# Quicksilver 09/10(?) Batfot US Flag Jacket...Can't find a place that sells it...



## DJDubCee (Nov 12, 2011)

Sorry its a Batfox jacket not Batfot lol, no taker's yet?


----------



## Ocho (Mar 13, 2011)

Ugh..I know what that's like.

Have you tried contacting Quicksilver? If they're able to tell you who ordered it (like which shops), you might be able to go down the list and call around. I say call because not all shops have web presence. Who knows it might be in the clearance section of some small shop somewhere. 

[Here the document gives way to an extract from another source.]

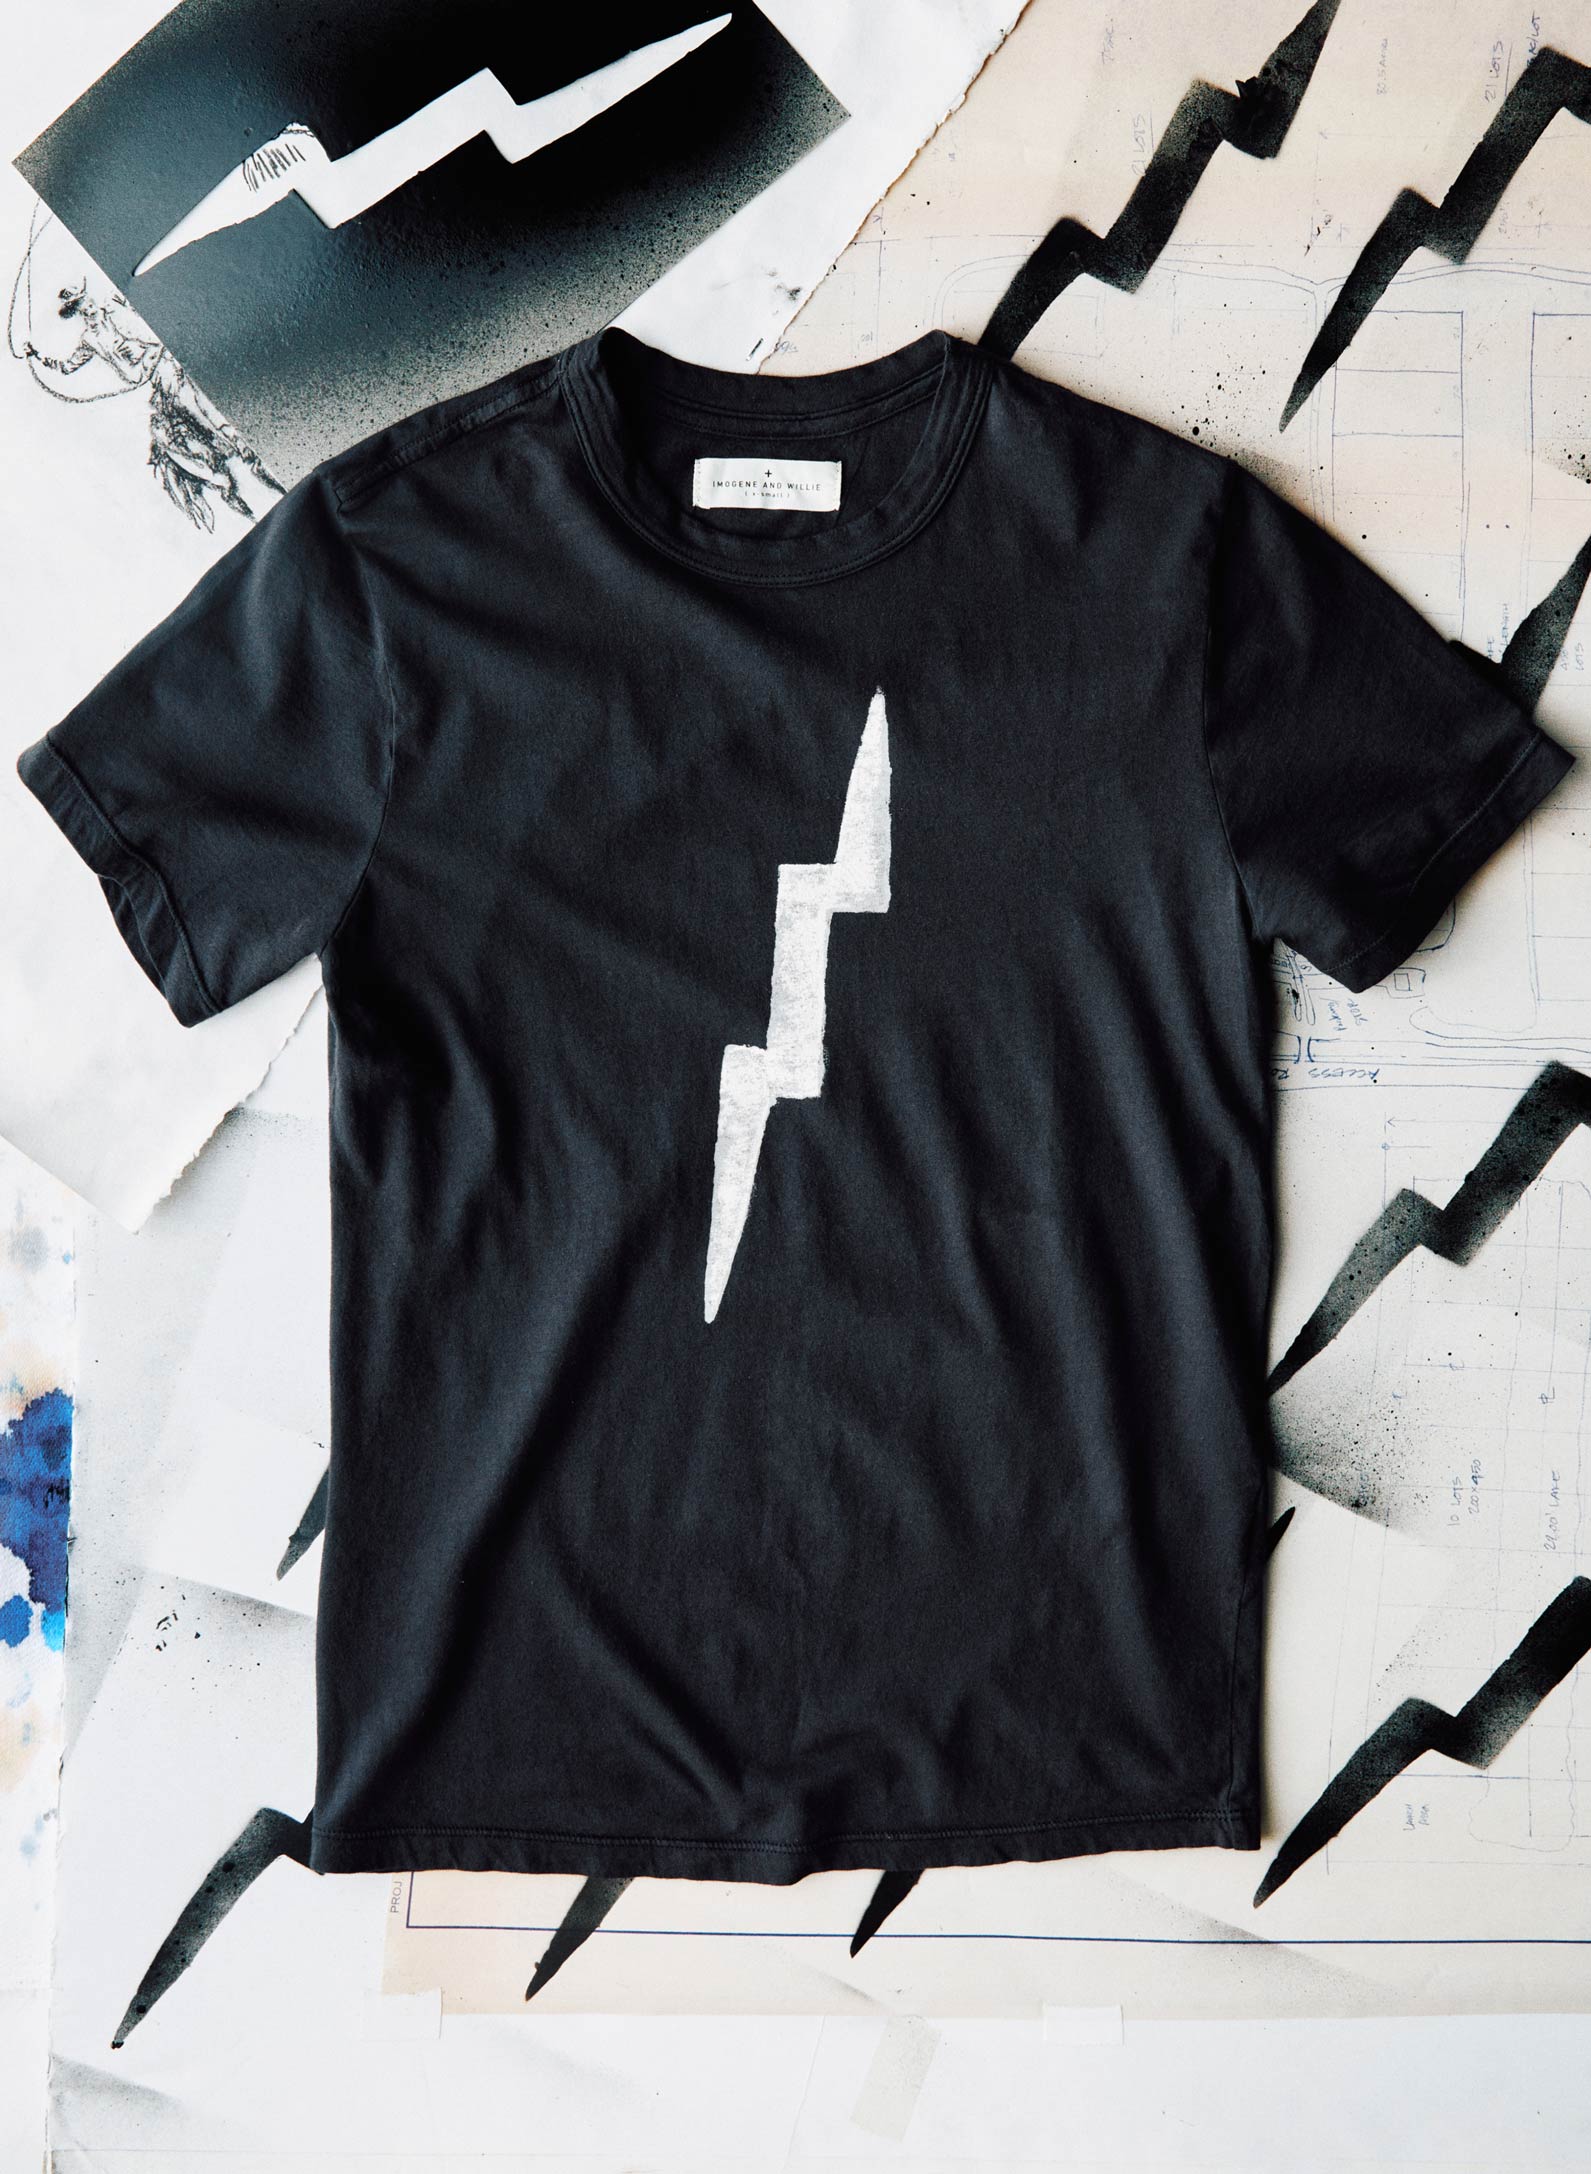 BOLT TEE  LIVE FIT
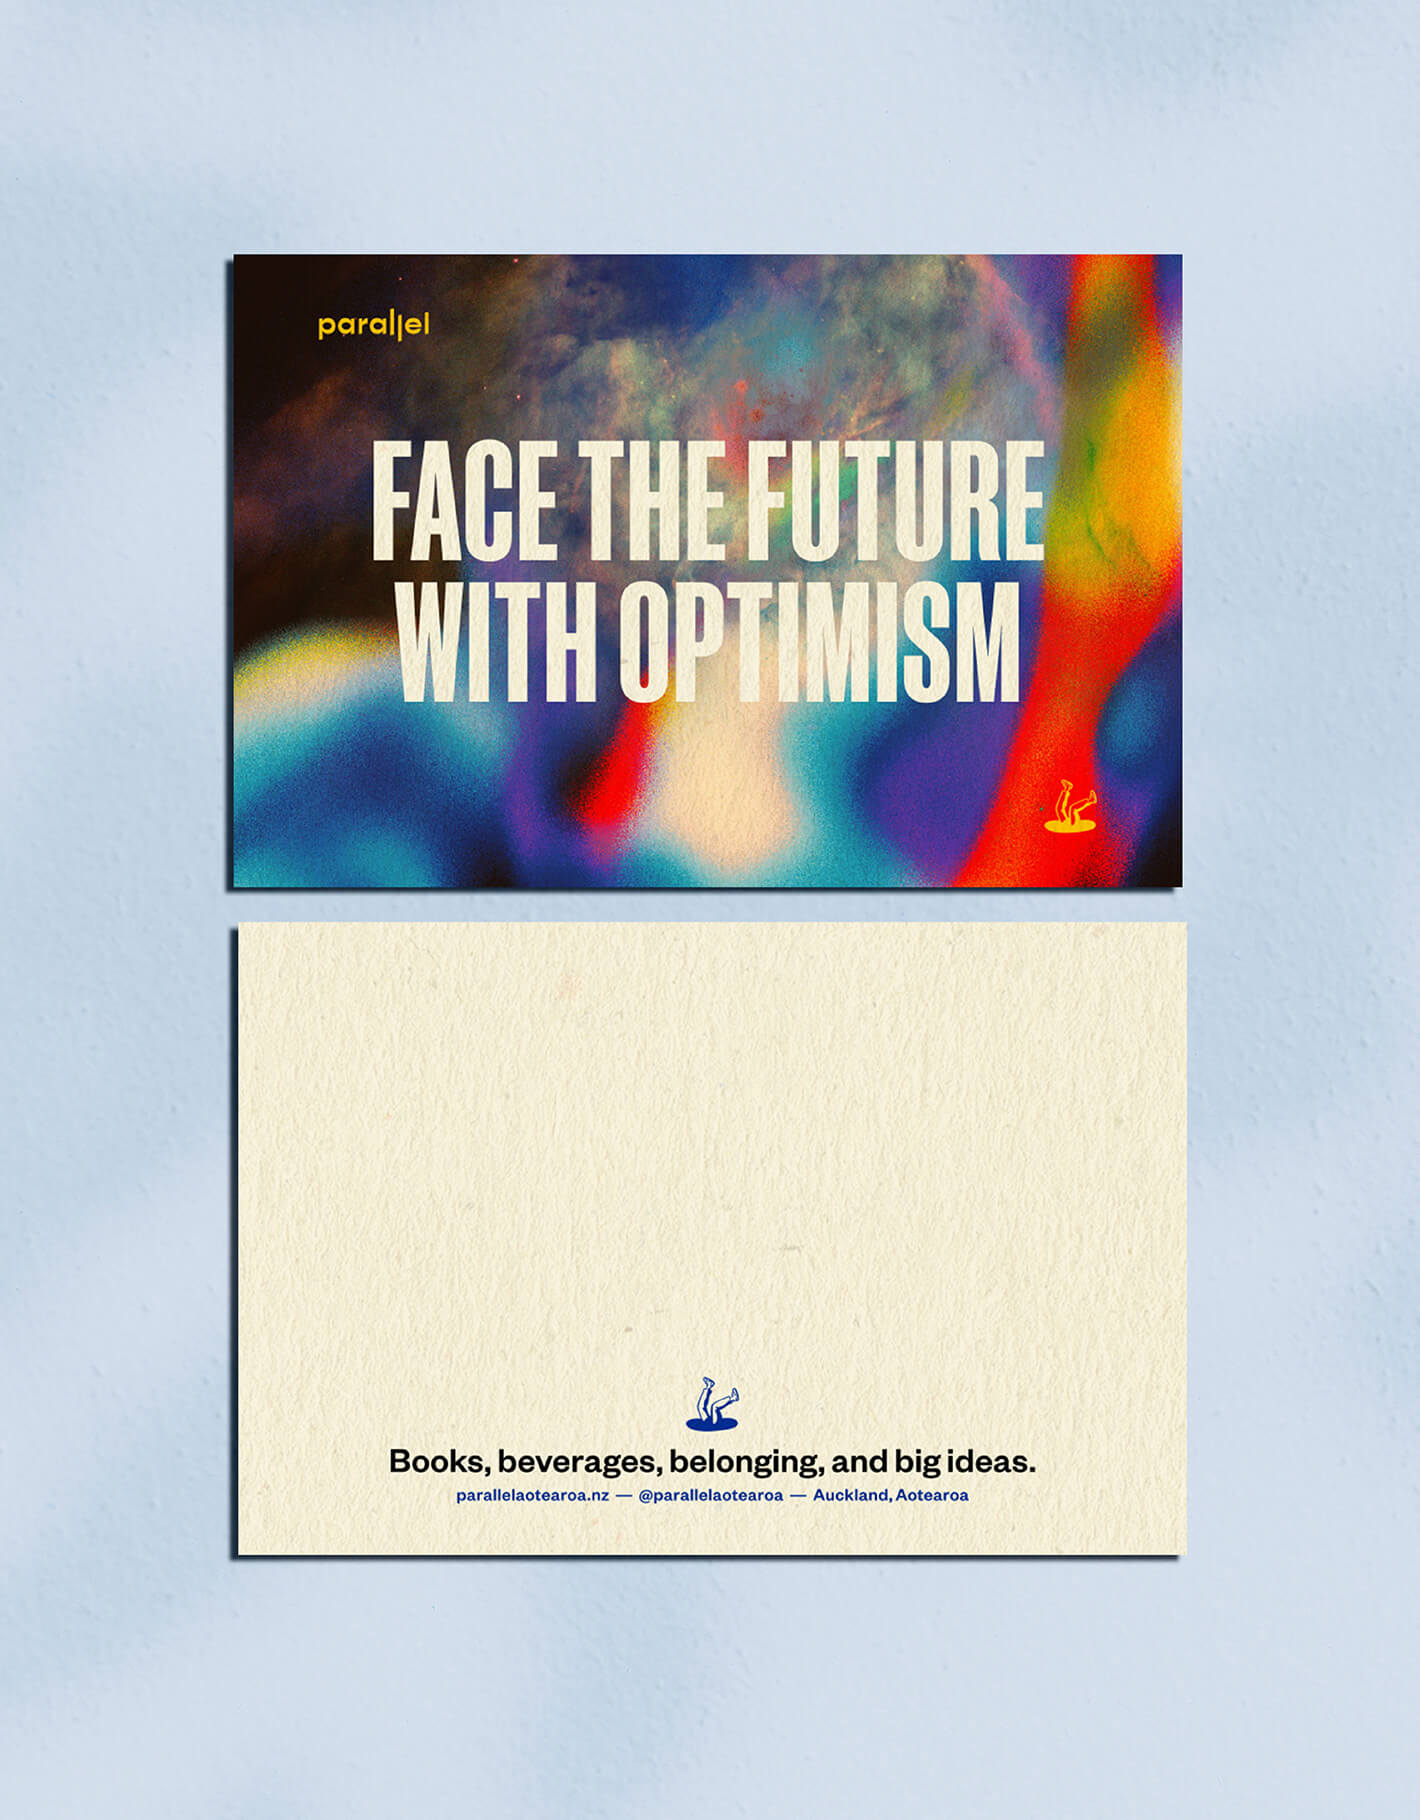 Brand designer portfolio image of the Parallel thank you cards. The front features a brand support graphic and the phrase ‘face the future with optimism’ while the back is mostly blank to allow for messages.

Good luck! Hope you find it.


----------



## DJDubCee (Nov 12, 2011)

Yea, I made contact with them they said "oh well maybe some of our shops may have it!" i asked which ones they said "Uhh were not entirely sure..." customer service +10 woo woo *rolls eyes*


----------



## ev13wt (Nov 22, 2010)

Looks like you need a flag, a jacket and a girl with a sowing machine!


----------



## DJDubCee (Nov 12, 2011)

Lol good call, ima make the girl doit...


----------



## Sick-Pow (May 5, 2008)

contact Travis. He wears XL from the jacket (not this one, or I would give you it) he gave me. I bet a hundred USD he will hook you up.

PS, mention slow 3s in pow for extra points.


----------